Stardog Database Size

Good afternoon,

Is there any command to know the database and triple size in bytes ?
I tried to get the size using the database folder size, but after a big data load the folder still has the same size (20kb).

Thanks.

You can run stardog data size --exact myDb on the CLI

Hi Stephen, that command shows only the triple count. I need the size in Bytes.

:~$ stardog data size --exact myDb

Size: 6,776 triples.

Thanks.

Sorry, you can't do it. Stardog 7 manages data for all databases in a single RocksDB instance with multiple column families and there's no user-exposed way to calculate the size for just one. If there's only one database, then the size of the data dir in $STARDOG_HOME won't be far off.

Why do you need to know it?

Best,
Pavel

Hello Pavel
I need to calculate the size of the disk that I have to buy to maintain my databases using the number of triples.
If I have a database with one billion triples expecting to reach 10 billion, what is the disk space required?
Is there any calculation available based on the number of triples?
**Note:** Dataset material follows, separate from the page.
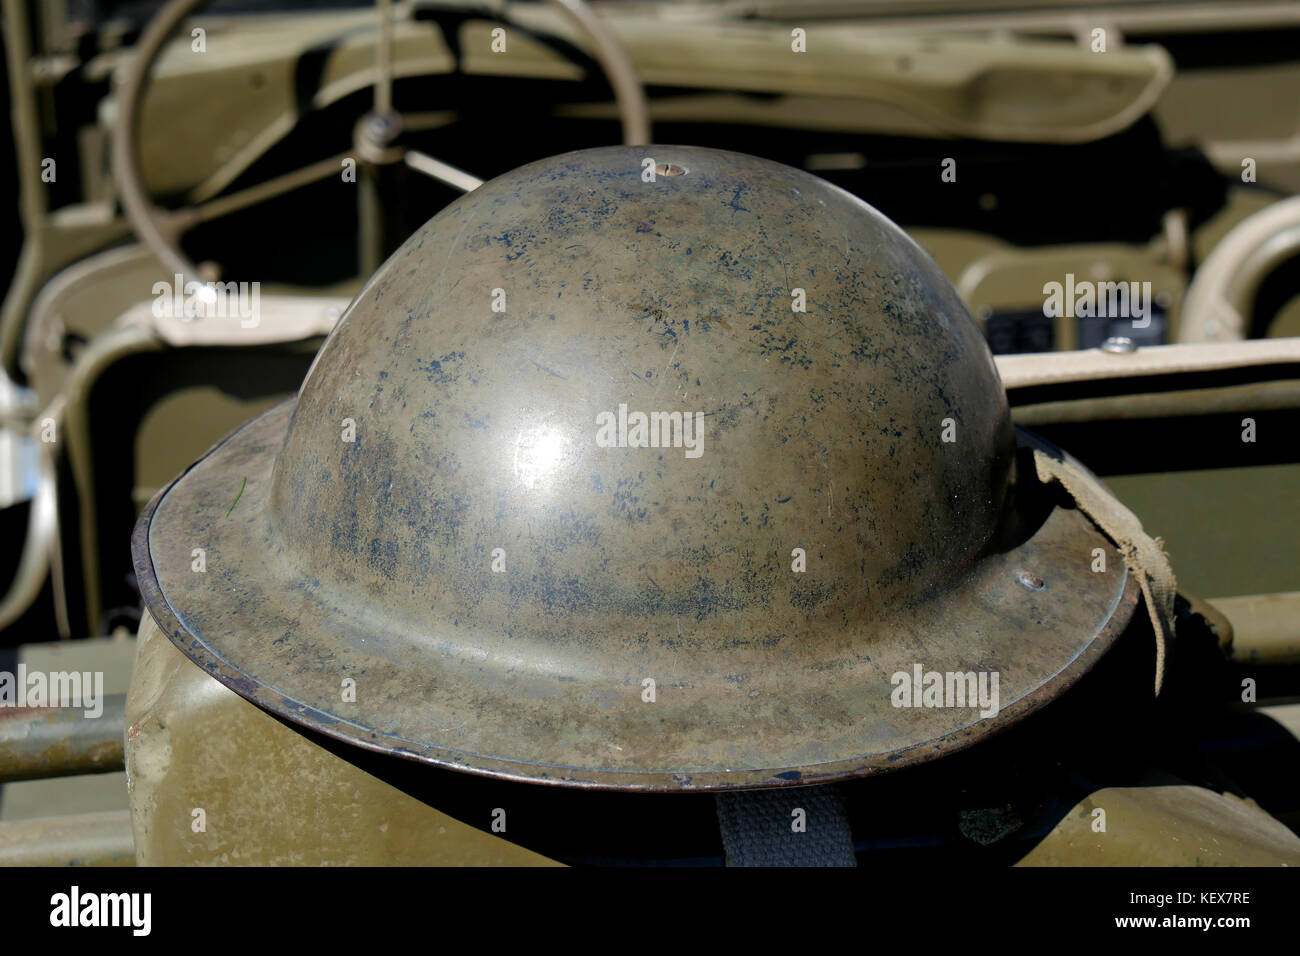 a british helmet of World War II on the jeep Stock Photo

OK, that makes sense. The thing about size estimation is that it's highly dependent on two things:

  1. the number of distinct RDF terms in your data (roughly, how sparse the graph is)
  2. the average length of IRIs and literals in your data

These things vary a lot across datasets. Some datasets can use super long literals for like DNA sequences or something. So your best course of action is to measure the size of your $STARDOG_HOME for increasingly large subsets of your data and then extrapolating that to 10B or whatever. It's typically easy to make such experiments in the cloud, e.g. EC2.

Note that during bulk loading Stardog can use extra space for partially sorted indexes which will then be cleaned up when the process is complete.

Cheers,
Pavel

This topic was automatically closed 14 days after the last reply. New replies are no longer allowed.